Он ради нас сошёл в обитель зла;
Господне царство лик ему явило;
Но дверь, что даже небо не закрыло,
Пред Данте отчизна злобно заперла.
Неблагодарная! Себе на горе
Ты длила муки сына своего;
Так совершенству низость мстит от века.
Один пример из тех, которых море!
Как нет подлей изгнания его,
Так мир не знал и выше человека.
7. To the Exile
We think we honor him, yet honor him too little.
His majesty has blinded our sight.
Why do we chide the mob for its crass yardstick,
When our own praise is empty!
He descended into the domain of evil for our sake;
The Lord’s kingdom showed its face to him;
But the door that even heaven did not close,
The fatherland maliciously locked in front of Dante.
Ungrateful land! To your own harm
You stretched out the suffering of your son;
Thus baseness takes vengeance on perfection from age to age.
One example among those of which there is a sea!

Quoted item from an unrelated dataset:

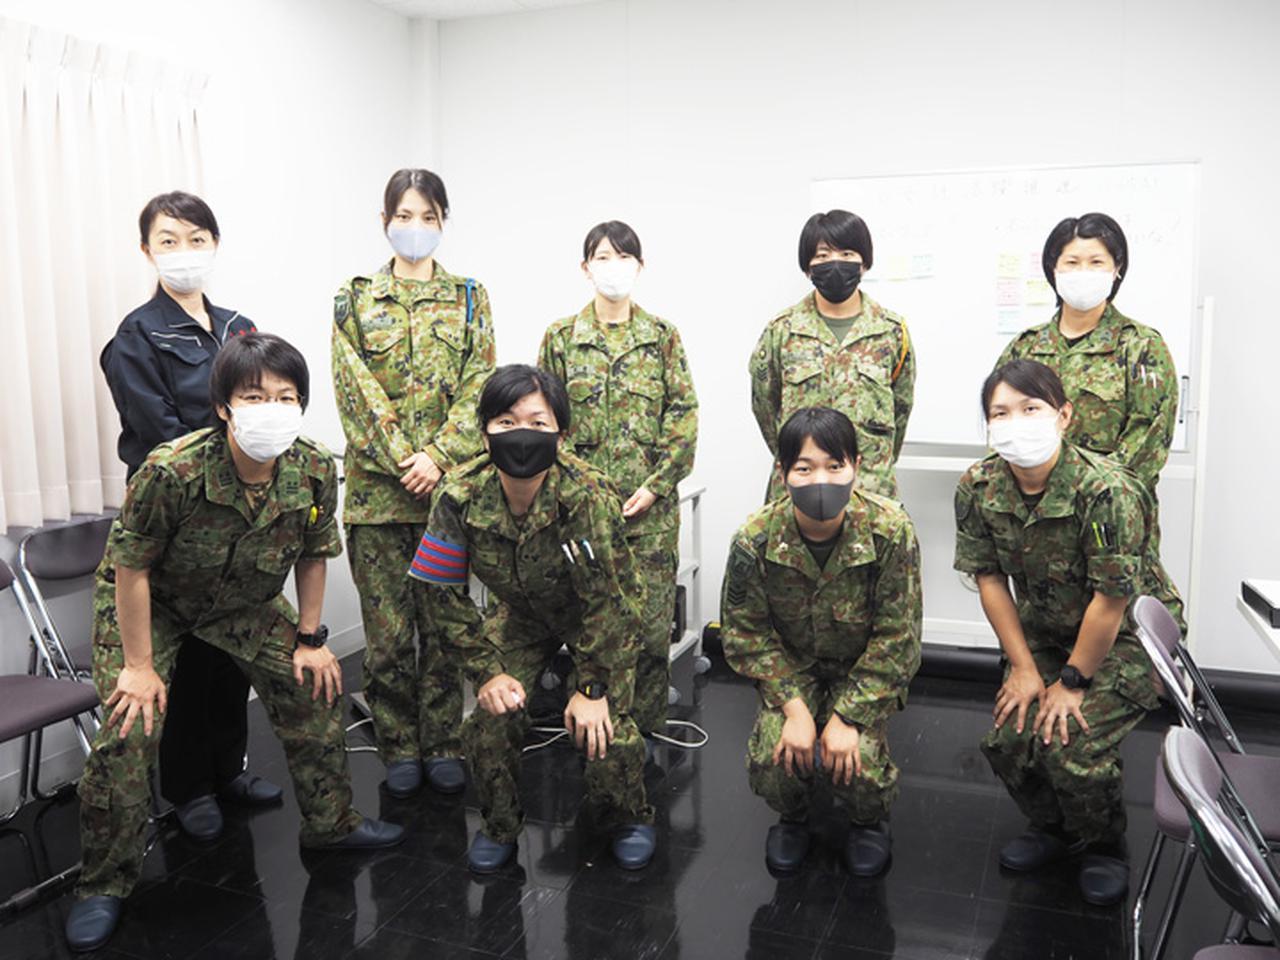 画像: この日、女性代表者会同に参加した9人 前列左から2人目が田中1曹、後列右から2人目が石川士長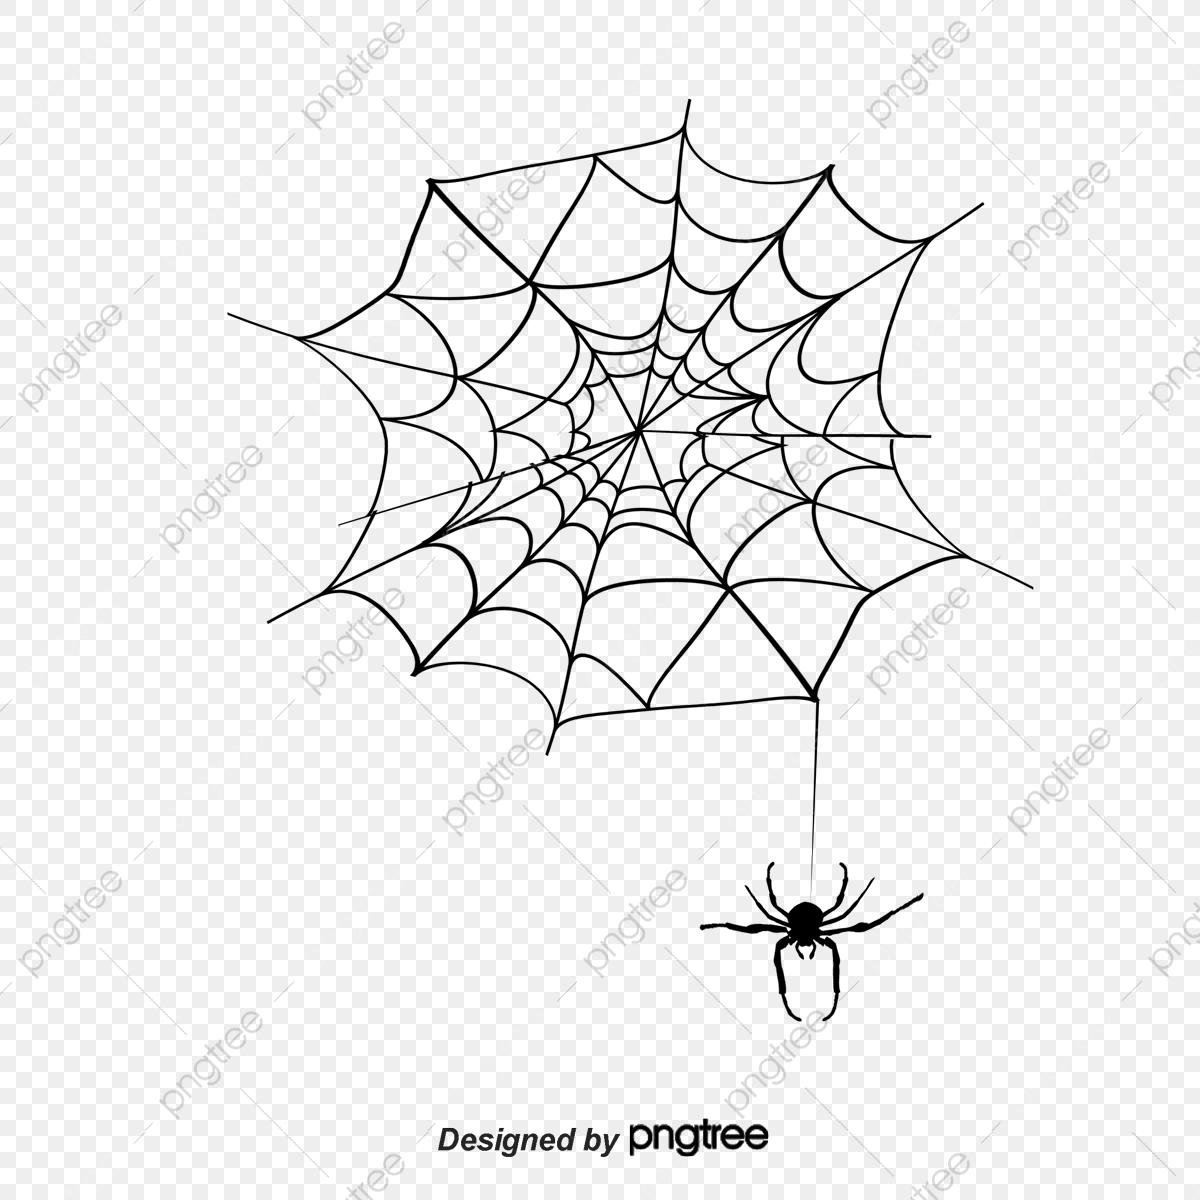 Dessin De Matériau De Toile D'araignée De Silhouette De L avec Dessiner Une Araignee

Just as there was never a viler exile than his,
So also did the world never know a greater man.
7. {Rime/250}
Quante dirne si de' non si può dire,
ché troppo agli orbi il suo splendor s'accese;
biasmar si può più 'l popol che l’offese,
c'al suo men pregio ogni maggior salire.
Questo discese a' merti del fallire
per l'util nostro, e poi a Dio ascese;
e le porte, che 'l ciel non gli contese,
la patria chiuse al suo giusto desire.
Ingrata, dico, e della suo fortuna
a suo danno nutrice; ond'è ben segno,
c'a' più perfetti abonda di più guai.
Fra mille altre ragion sol ha quest'una:
se par non ebbe il suo exilio indegno,
simil uom né maggior non nacque mai.